Летом сорок второго — страница 20 из 35

Один из немцев подскочил к лежанке, наставил на детей пистолет, быстро затараторил. Клейст перевел:

– Вот, дед, сейчас проверим, кто тебе дороже. Пленных у тебя четверо и внуков четверо. За каждого укрытого беглеца головой внука расплатишься.

Старик сидел молча, неподвижно.

Палач нажал на курок. Еще, еще и еще. Пули врезались в кирпичную стенку печи, выбивали вокруг детских голов щербатые нимбы. Дети об– мерли до полусмерти, сидели, как их дед, каменными онемевшими памятниками. У окна метнулась чья-то тень, с улицы глухо донеслось:

– Я сдаюсь! Сдаюсь! Не стреляйте по детям!..

Всей толпой вывалили немцы наружу. Клейст кричал:

– Где остальные? Веди!

– Там, в погребе…

Каратели кинулись к пустому подвалу, сразу поняли – обман, у подвального порога в несколько стволов изрешетили оставленного смертника, бросились по следу троих уцелевших.

Мать вернулась в сумерки, запричитала над пораненным младенцем, над изувеченным отцом. Ближе к ночи у ворот остановился мотоцикл, с него слезли трое. Женщина прикрыла ладонью рот, сдавленно прошептала:

– Ну, теперь точно всех добьют… Прощайте, деточки…

Первым в хату вошел итальянец – форму на оккупантах уже научились различать. Он приложил палец к губам и выразительно поглядел на женщину. За итальянцем показался немец с повязкой красного креста на рукаве. Третий в хату не полез, остался у ворот, неотрывно оглядывая улицу. Санитар подошел к стонавшему на лавке старику, скинул с его пяток холстяные примочки, стал обрабатывать ожоги мазью, затем бинтовать.

Итальянец высыпал из маленького тубуса себе на ладонь три таблетки, протянул их женщине. Та закрутила головой – не приму. Итальянец настаивал, стал даже запугивать, схватился за кобуру. Женщина взяла таблетки, одну проглотила и две спрятала под языком, потом тайком выплюнула. А через пару минут почувствовала, как тревога и страх притупились, и пожалела о пропавшем лекарстве.

Самому младшему санитар зашил бровь, долго изучал выщербленные над лежанкой «нимбы» – очертания детских головенок, отвернулся и смахнул набежавшую слезу.

* * *

В конце октября из Сагунов долетели слухи о том, как местная молодежь, мобилизованная оккупантами якобы для сбора урожая, а на самом деле посланная в Колодежное для оборудования береговой линии обороны, попала под обстрел. Люди стали разбегаться, некоторые подорвались на венгерских минах, а одному парню в суматохе даже повезло перебраться на советскую сторону Дона.

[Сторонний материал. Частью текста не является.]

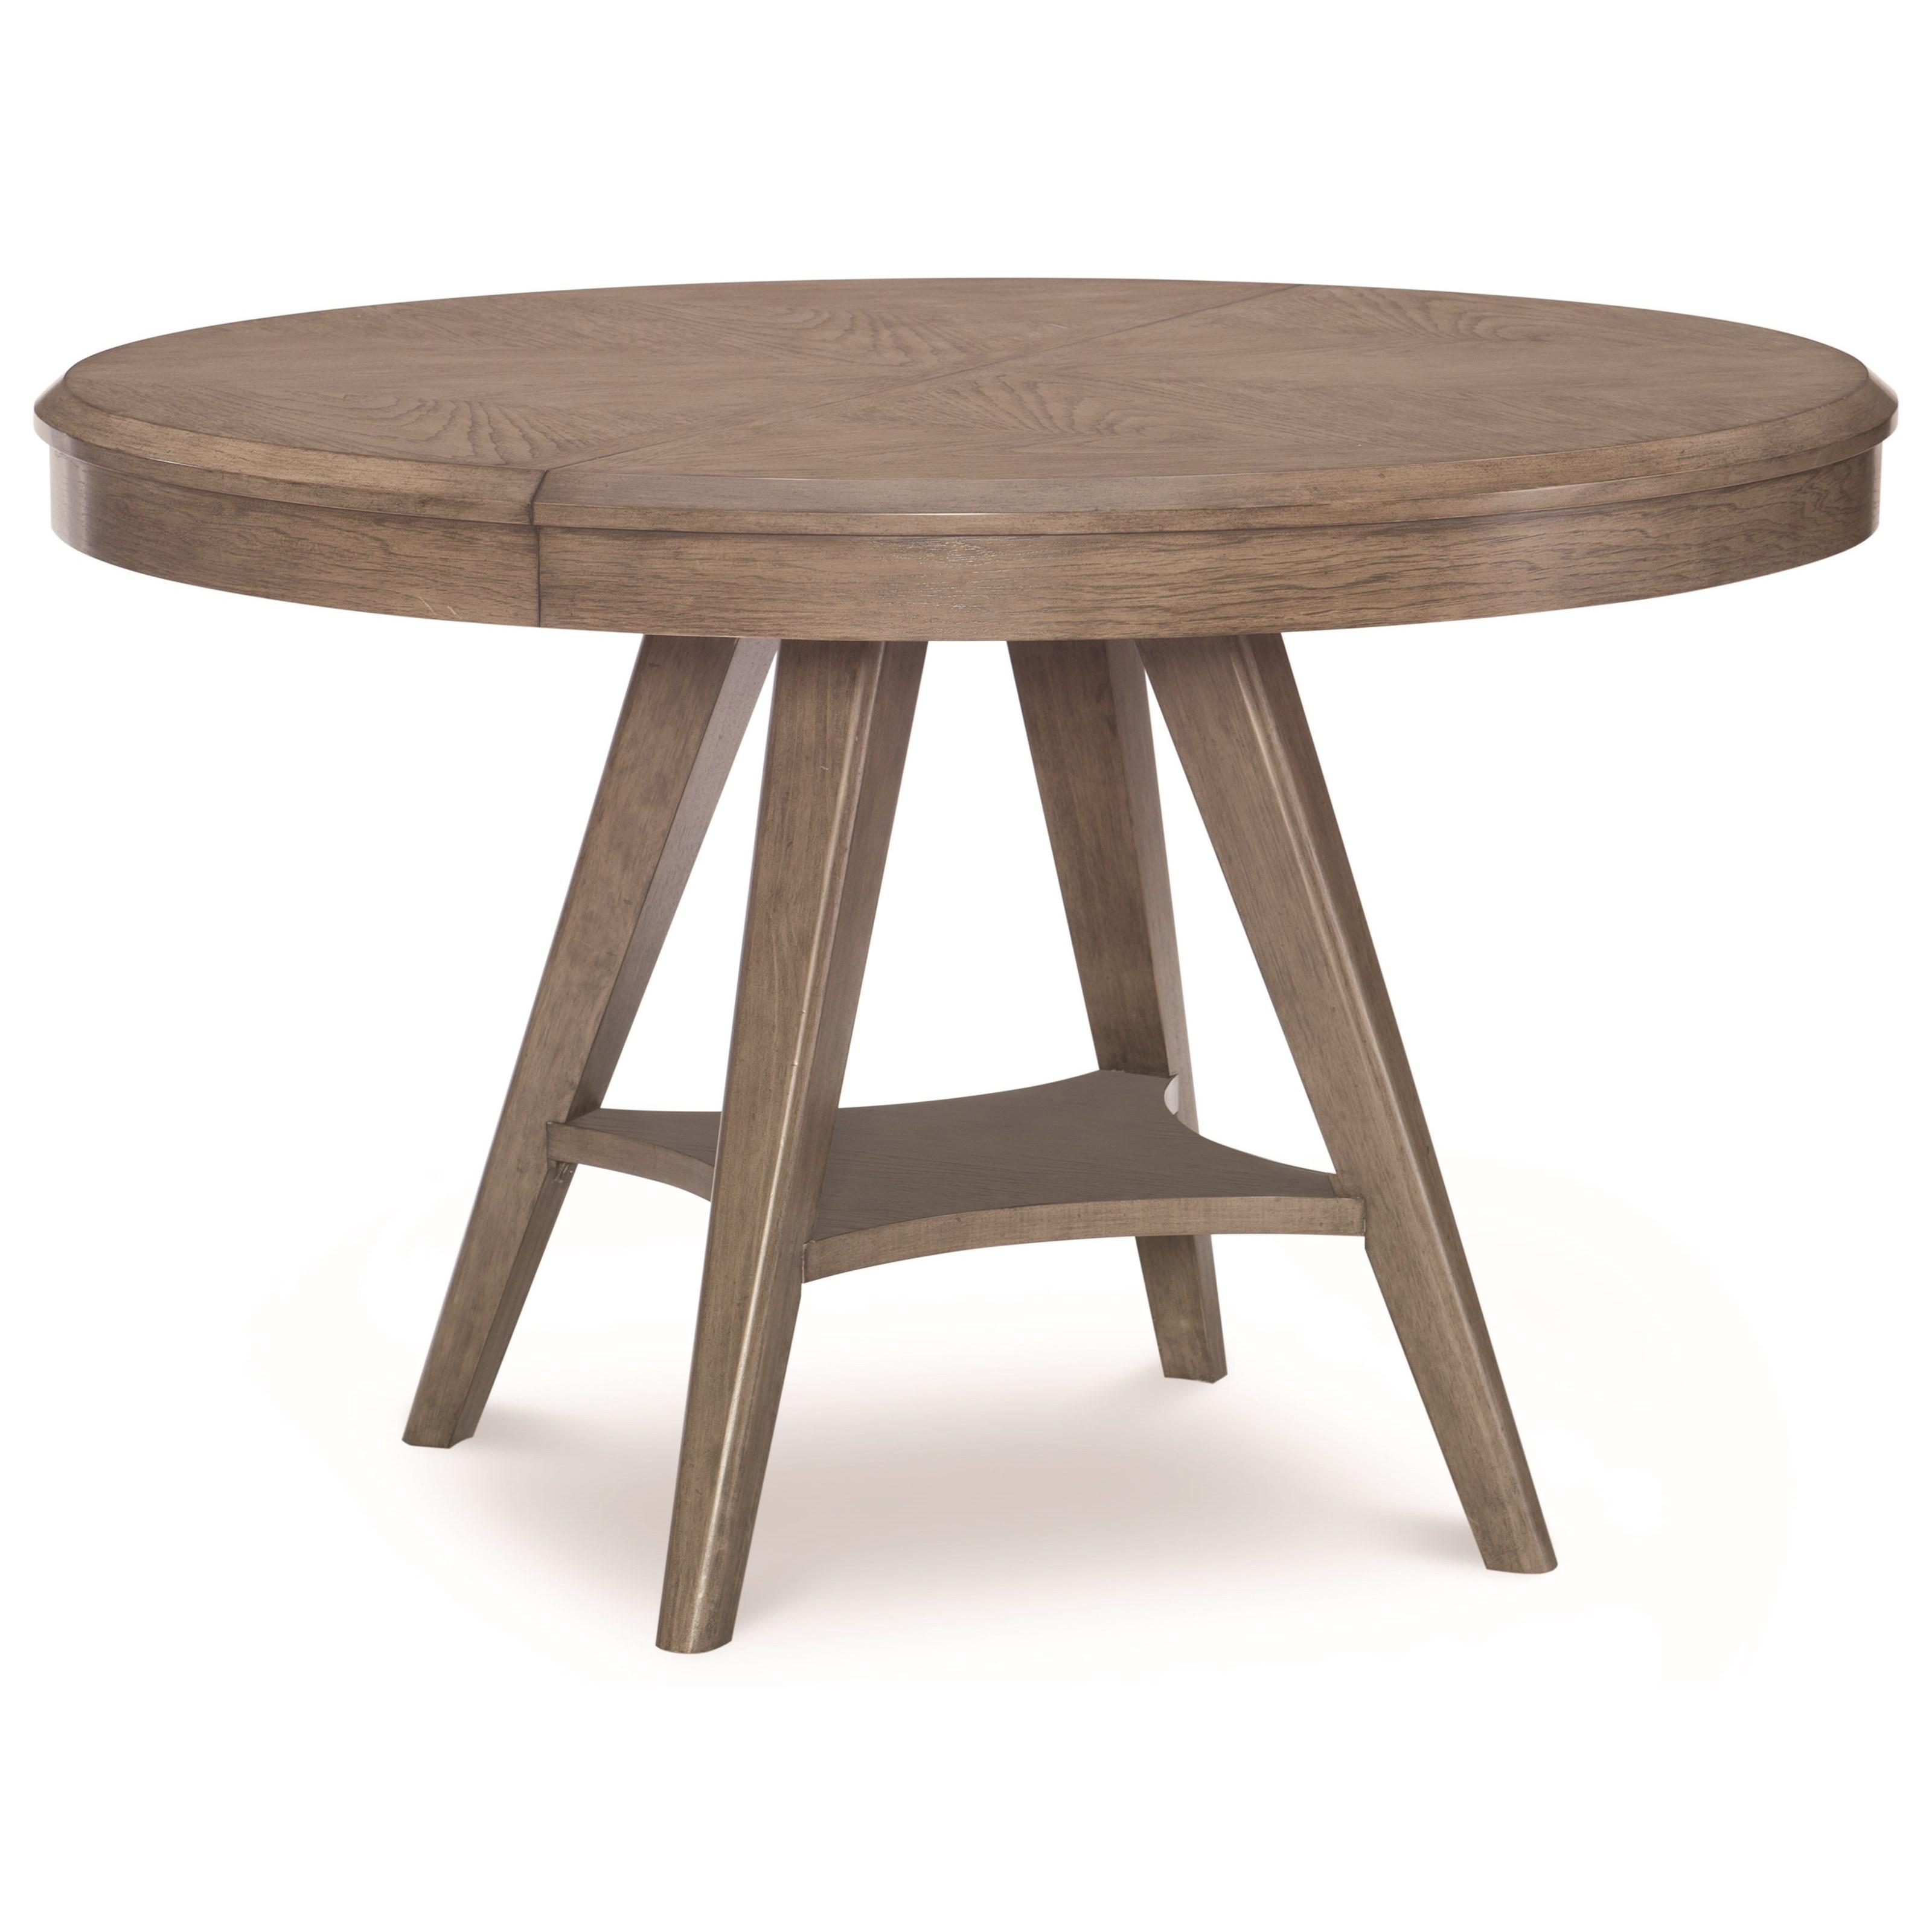 Attirant Legacy Classic ApexRound To Oval Pedestal Table ...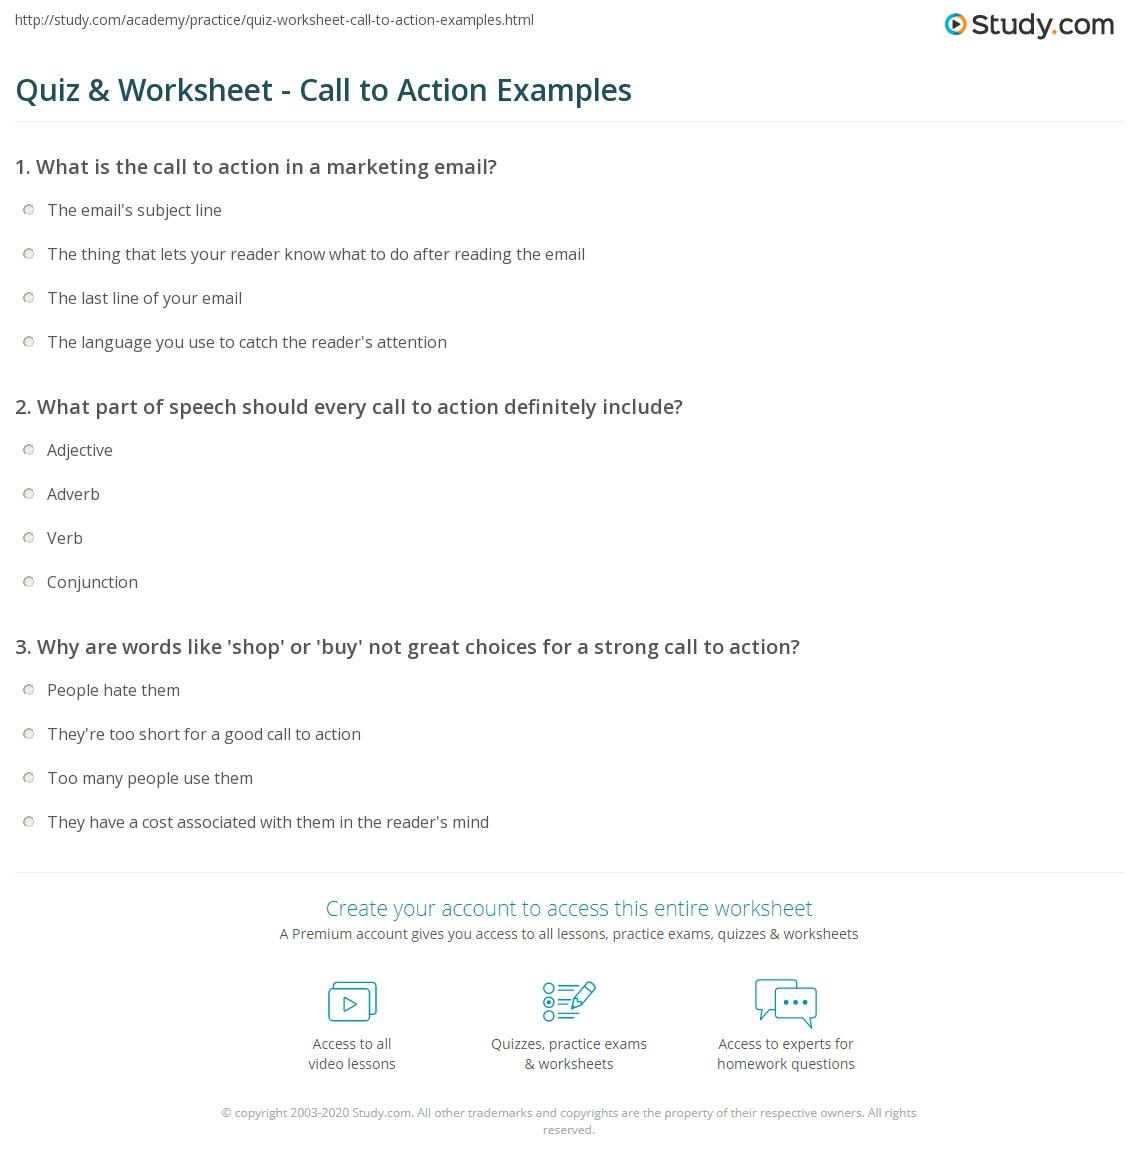 call to action speech ideas

Взамен разбежавшейся и израненной команды стали собирать новую. Капитан венгерских саперных войск Даниэль Гергени пытался напомнить командованию о недопустимости посылки мирных жителей для работ на передовой. Генерал-майор Уйлаки ответил ему на это: «Сейчас для нас самое важное – побыстрее закончить сооружение позиций. Если рабочих и постреляют, мы не много потеряем. Кто бы они ни были – евреи или русские, – все они наши враги. Чем больше их убьют, тем меньше будет врагов у нас».

Скоро отголоски этих слухов коснулись тех семей, что были расквартированы в «Пробуждении». Вечером Сергей Гаврилович пришел домой мрачный, делился местными новостями:

– В Сагунах всю библиотеку из школы на улицу вытрясли и подпалили. Потом по дворам прошли, у кого учебник находили, тоже отбирали, для костра. В Подгорной, говорят, театр открыли, немецкое кино крутят.

– Для чего ж нам такое кино? – удивилась Ольга.

– Так наших туда и не пускают. Культура только для культурной нации… А в Россоши, Клейст болтал, шалман открывают, контингент из местных брать надумали…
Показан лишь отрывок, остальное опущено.